* Dataset extract *

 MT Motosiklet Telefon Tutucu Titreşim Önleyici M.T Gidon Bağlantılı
--
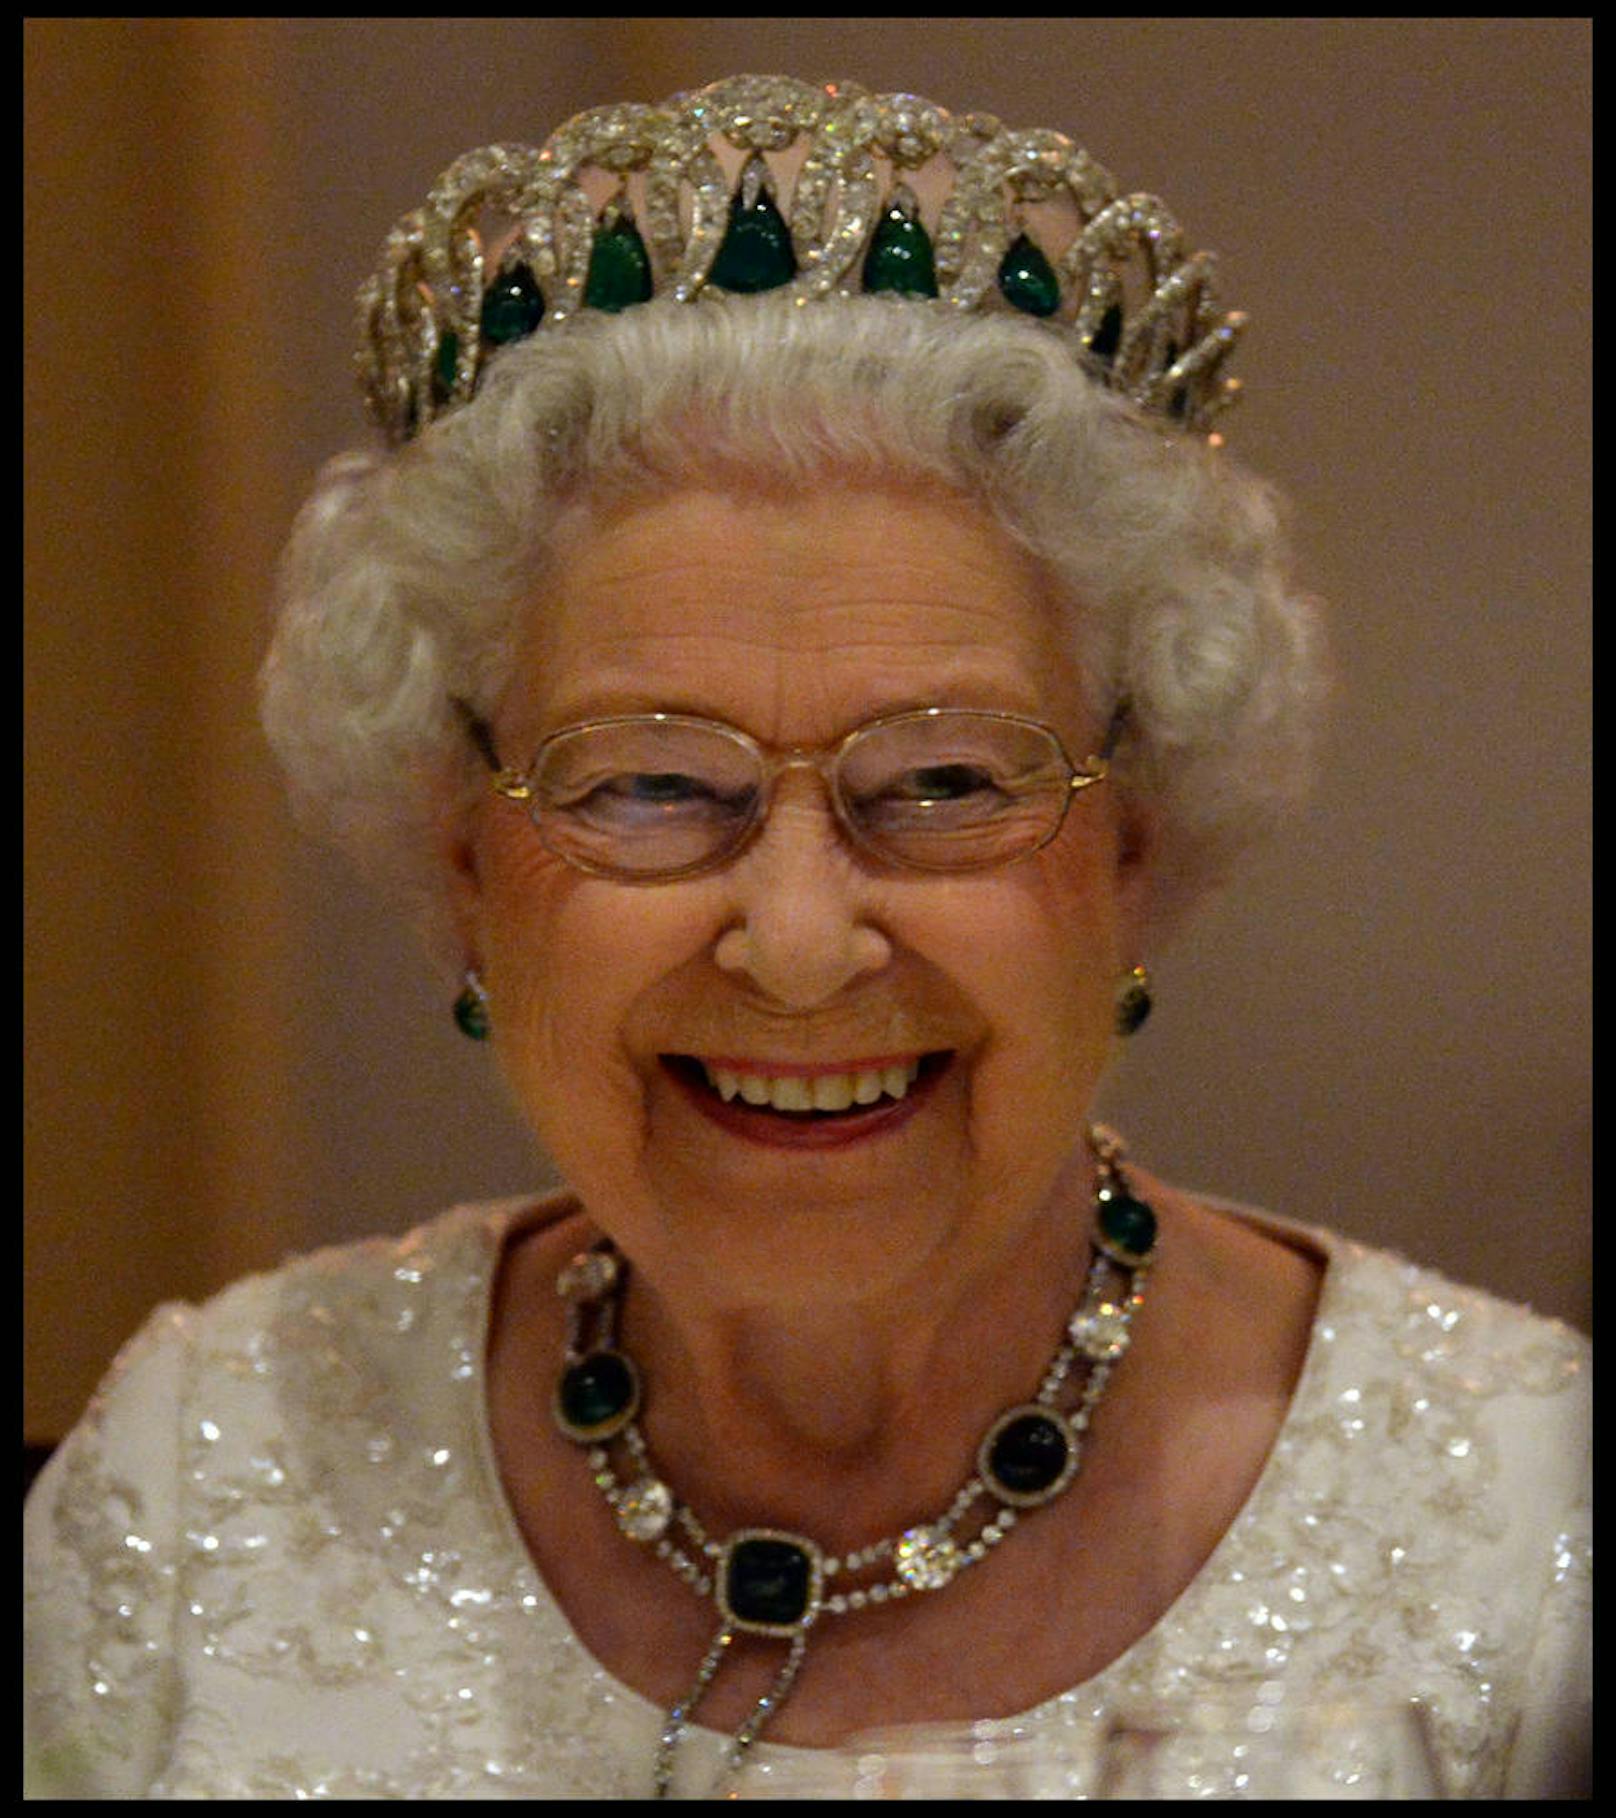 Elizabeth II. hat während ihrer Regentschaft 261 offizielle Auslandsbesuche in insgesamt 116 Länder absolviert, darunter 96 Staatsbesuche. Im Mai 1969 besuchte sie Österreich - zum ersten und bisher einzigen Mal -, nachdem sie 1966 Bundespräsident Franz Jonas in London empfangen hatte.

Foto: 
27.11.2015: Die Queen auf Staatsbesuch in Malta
--
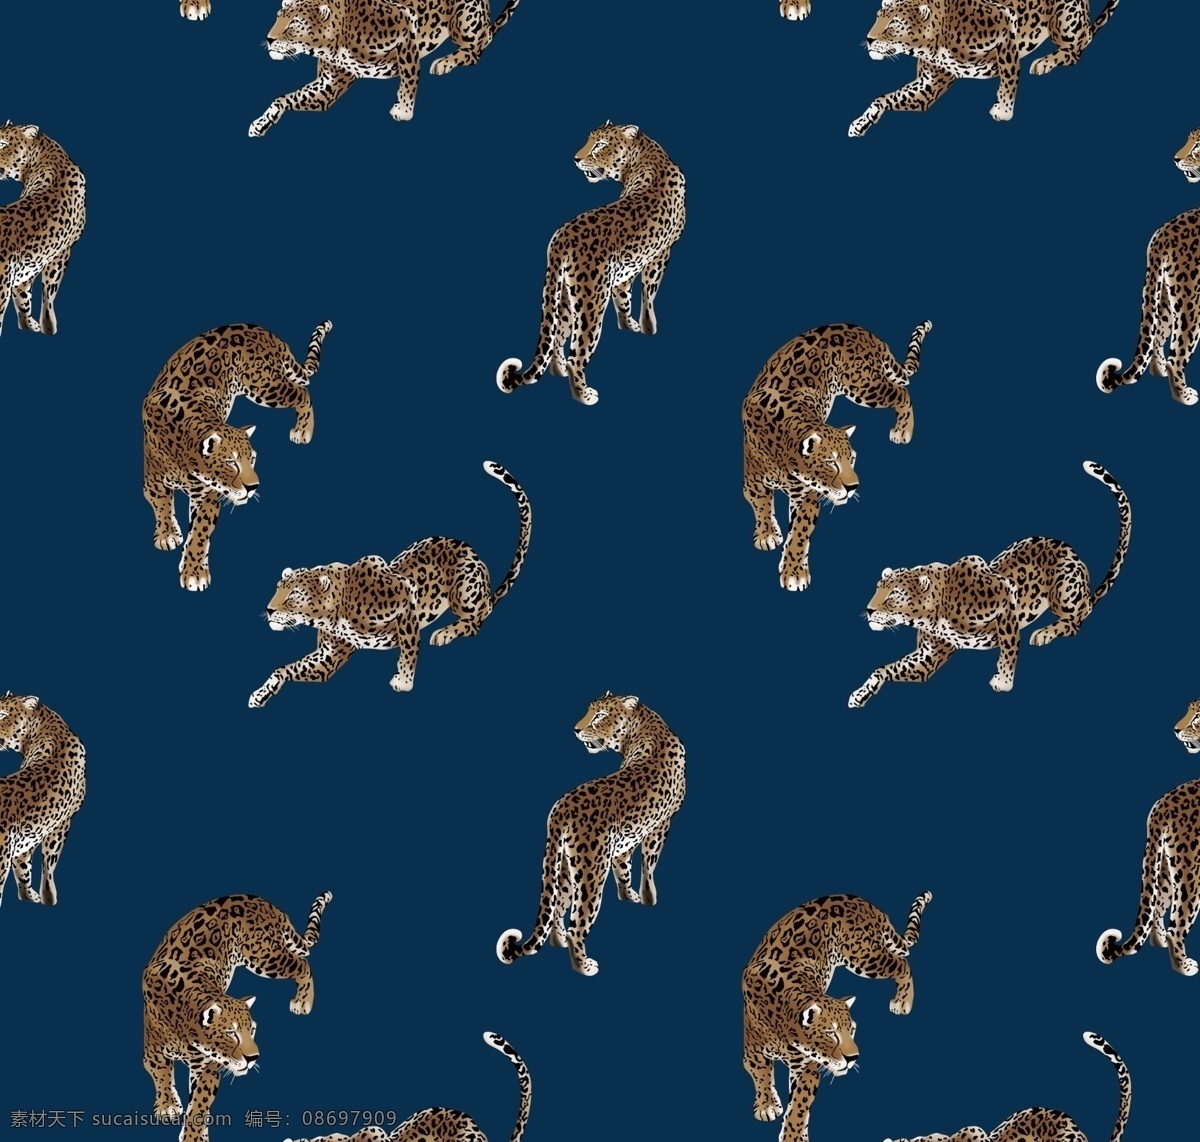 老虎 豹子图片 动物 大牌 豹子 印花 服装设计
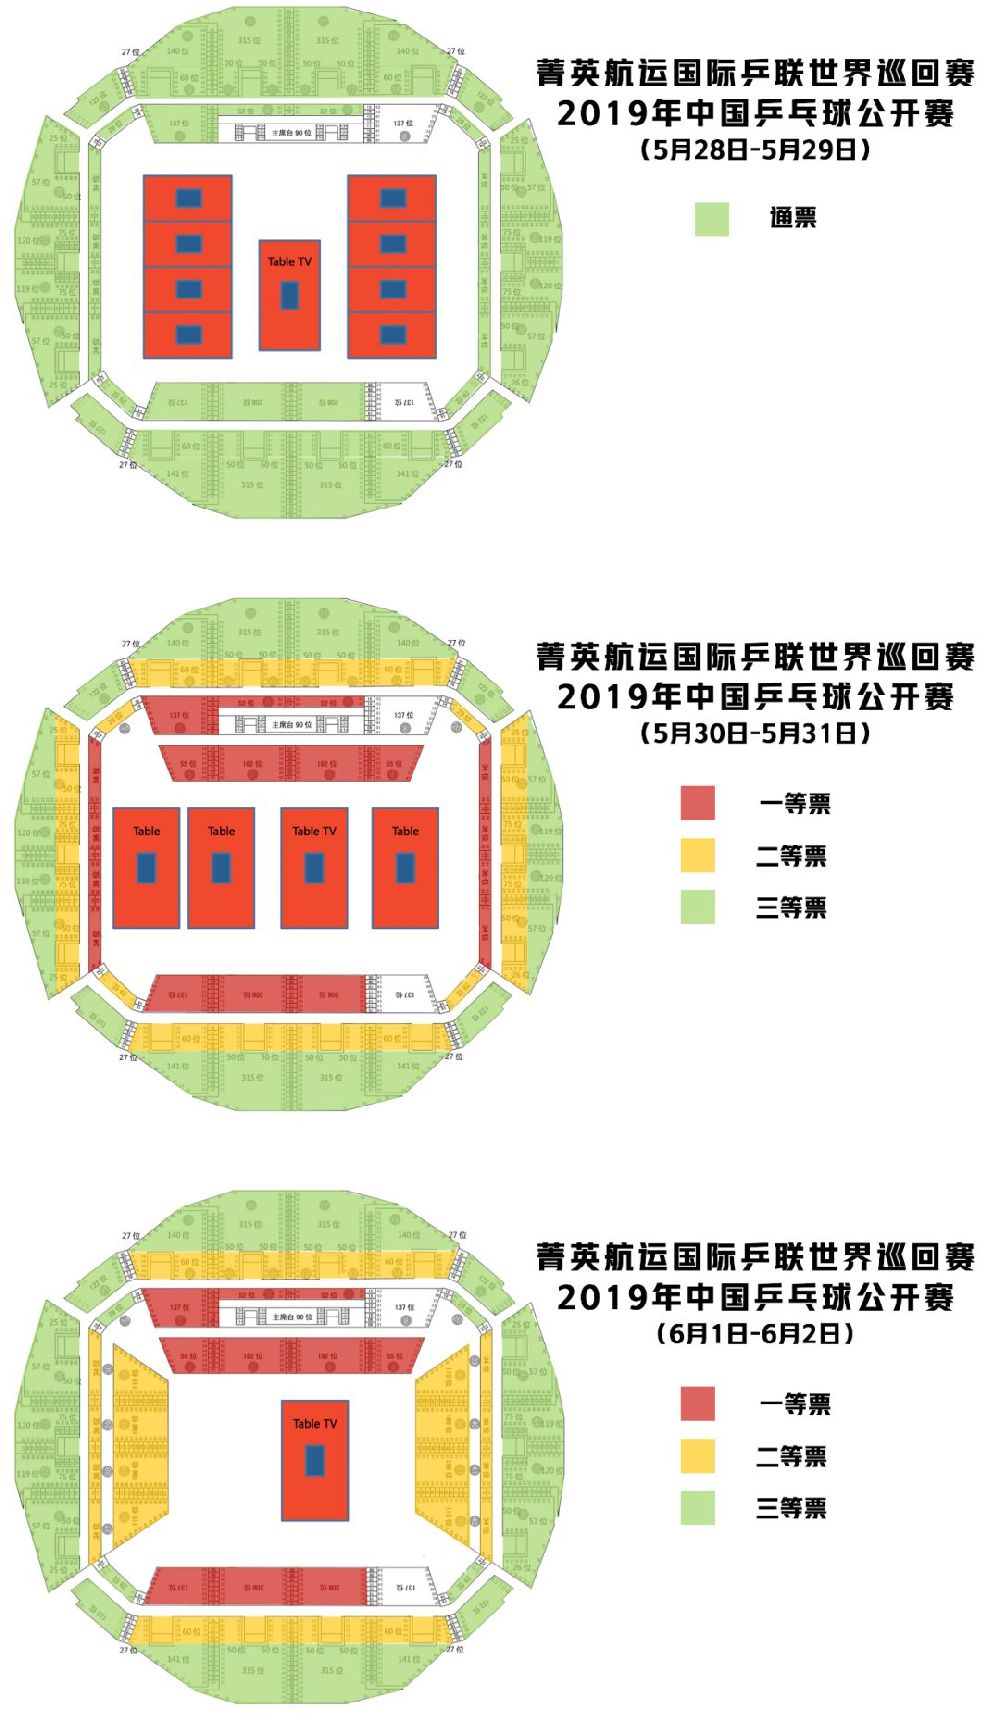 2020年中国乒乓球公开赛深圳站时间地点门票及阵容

* Task description *
Look above for the line with "Elizabeth II. hat"; quote it and every line after it, stopping after the line with "27.11.2015: Die Queen", exactly, with nothing added and without pictures.

* Response below *
 Elizabeth II. hat während ihrer Regentschaft 261 offizielle Auslandsbesuche in insgesamt 116 Länder absolviert, darunter 96 Staatsbesuche. Im Mai 1969 besuchte sie Österreich - zum ersten und bisher einzigen Mal -, nachdem sie 1966 Bundespräsident Franz Jonas in London empfangen hatte.

Foto: 
27.11.2015: Die Queen auf Staatsbesuch in Malta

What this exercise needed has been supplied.